By Secondary dedicated database, do you mean ODS?


2) Is it ok to have some descriptive column in a dimensional report, say "Job title description".

3) Can a dimensional report run into thousands of rows? From what you guys have mentioned above summary/dimensional report has nothing to do with number of rows rather then the level of detail in a report in terms of say columns

CognosPaul

Real time monitoring is a little outside my area of expertise. From what (very) little I understand there is software that monitors event logs and inserts rows as the events happen.

A dimensional report works by slicing numeric values inside a crosstab (lists are treated almost like crosstabs, but with measures in the columns, graphs are treated exactly like crosstabs). The number returned is the intersection of the row member, column member, measure, and any slicers. The values displayed in the rows or columns does not necessarily have to be the caption of the member. You could display one or more of the attributes of that member instead, short name, member description, category code. If the description is a lot of text, you might want to just show the title and display the description in a tooltip.
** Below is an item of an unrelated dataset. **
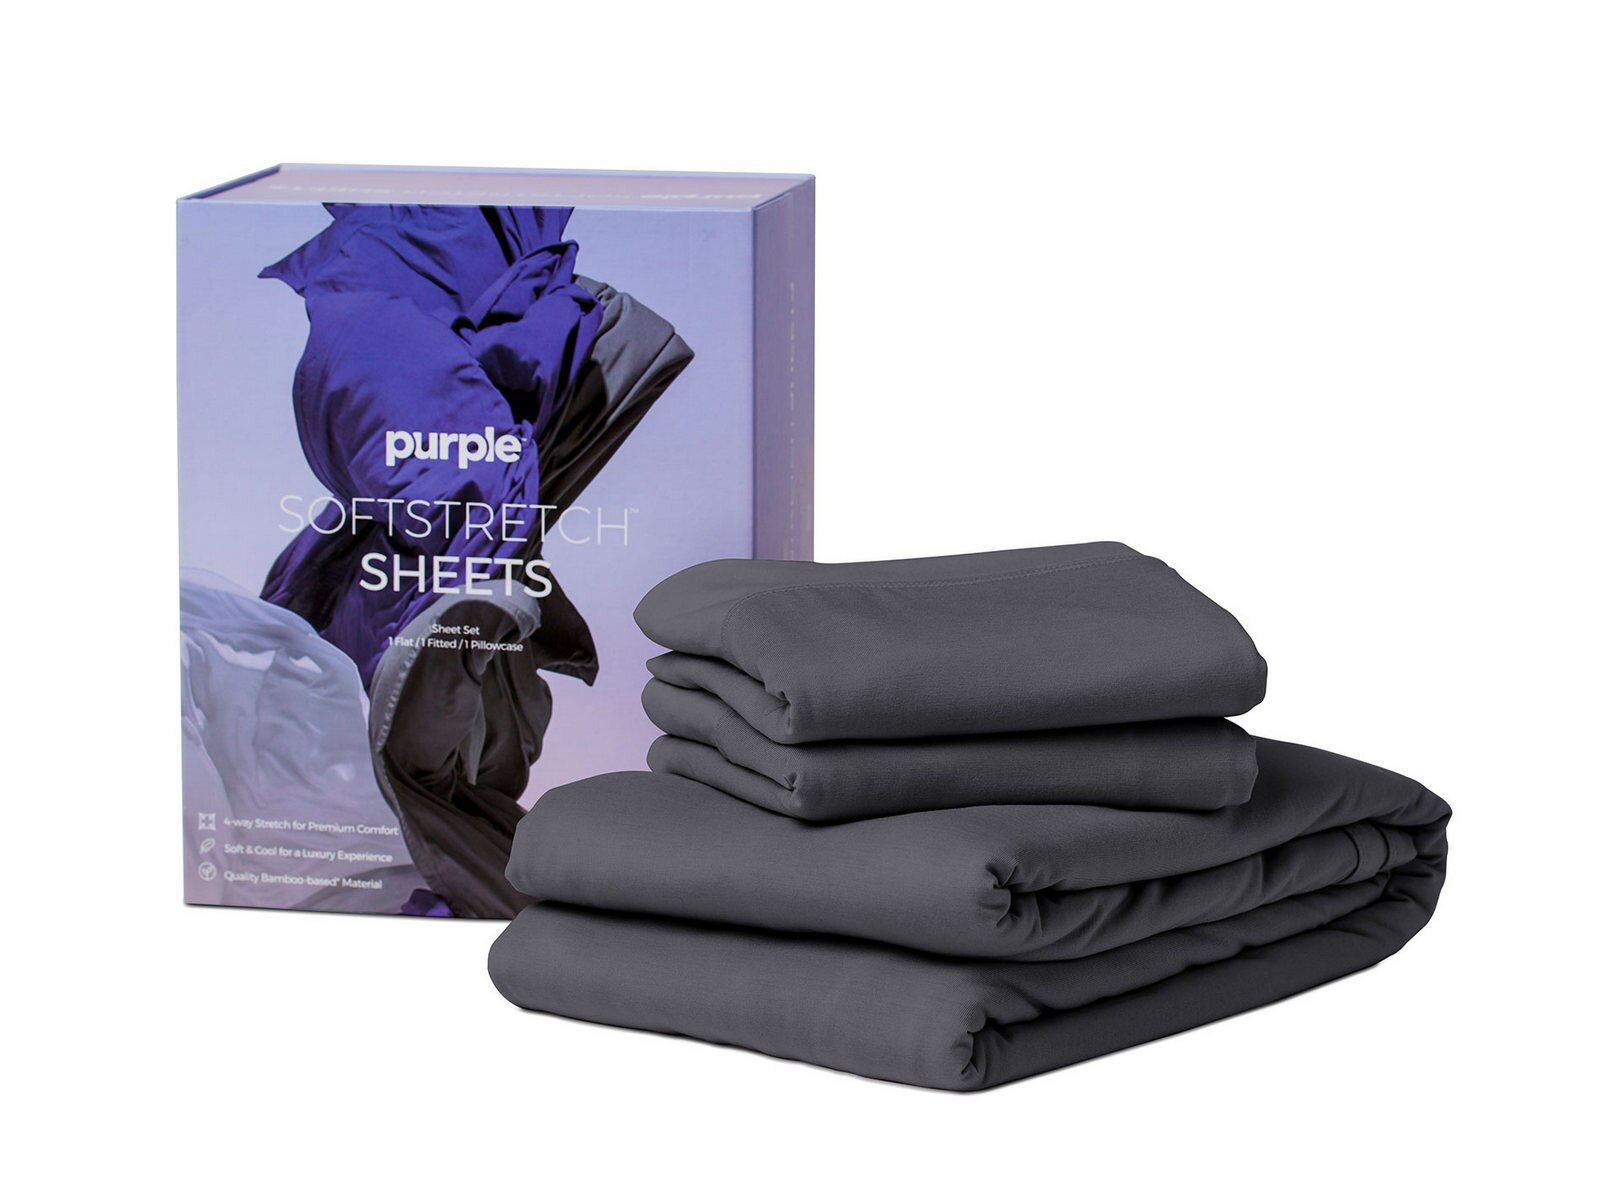  Purple SoftStretch Sheets, Full, Bamboo Sheets,  Moisture-Wicking, Deep Purple : Home & Kitchen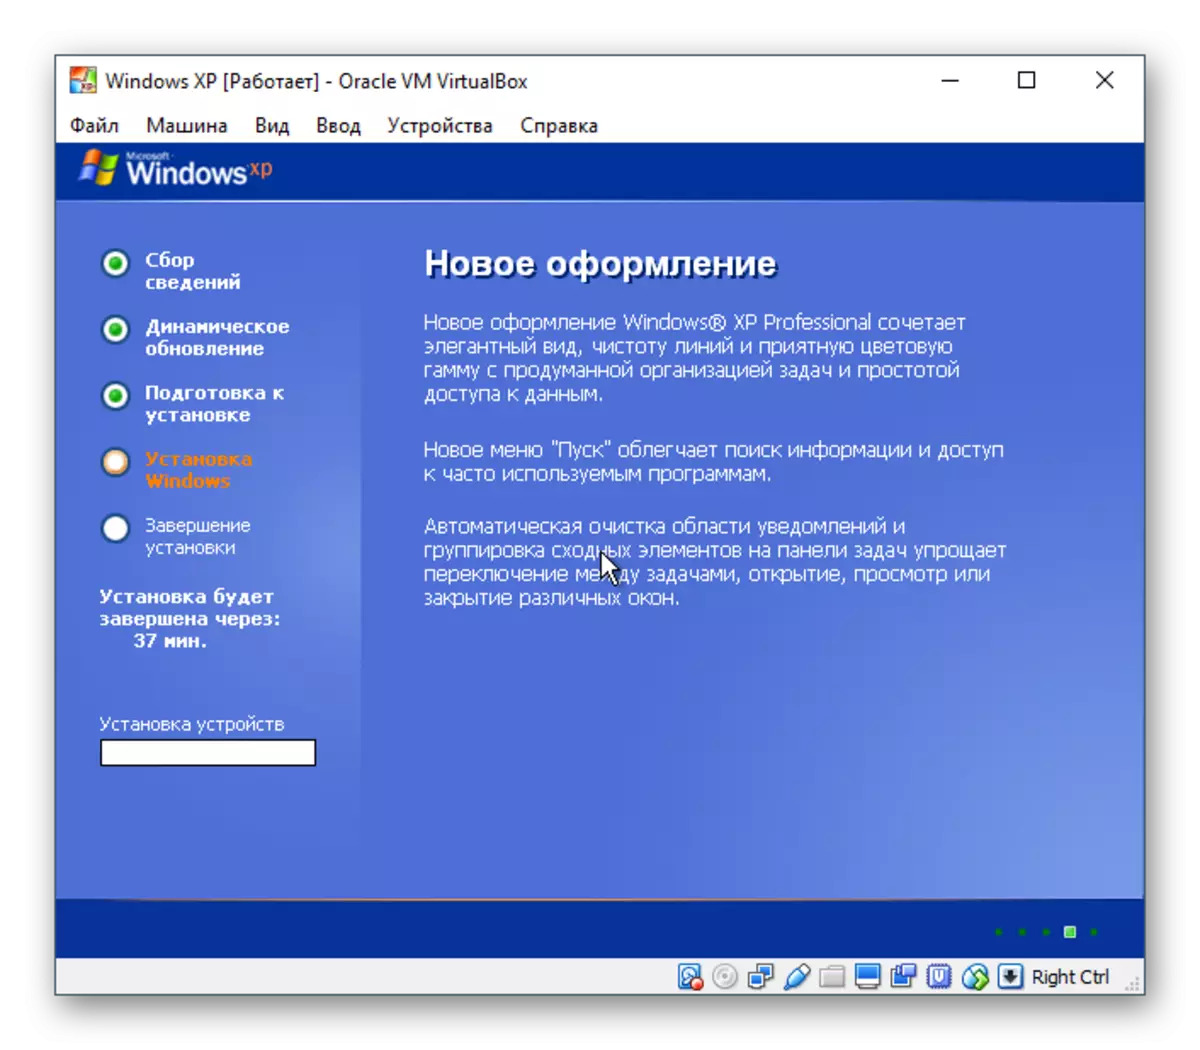 New Decoration Installer Windows XP in VirtualBox

Cubes can return as many rows as you have members in your hierarchy. The problem is when you try to nest many different levels. Cubes will create crossjoins between the hierarchies, easily resulting in billions of rows. I recommend reading Writing Efficient OLAP Queries.

cogcurious

Another, If i am reporting at the lowest levels(months,city) in the dimensions, would my report be slower than if the report is that on the highest level(year, country etc) in the cube?

CognosPaul

Yes, if only because of the additional time needed to pull the data from the cube and render it on the page.

cogcurious

Why does it need more time? Is it because of where the data is placed in the cube? Just wondering about the exact reason.

CognosPaul

The extra delay is a simple factor of increased data throughput. Variables could depend on how fast your network is, hard disk speed, and how many months/cities vs years/countries you have in your cube.

A simple report that shows 5 countries by 10 years might take 100 milliseconds to process plus 50 milliseconds to transfer from the cube to the Cognos server plus another half second to render. If you show the cities by months (500 cities * 120 months) the processing should still take only a few hundred milliseconds, but transferring the data to Cognos takes time, plus the time it takes Cognos to render all of the cells.

Practically the difference is minimal.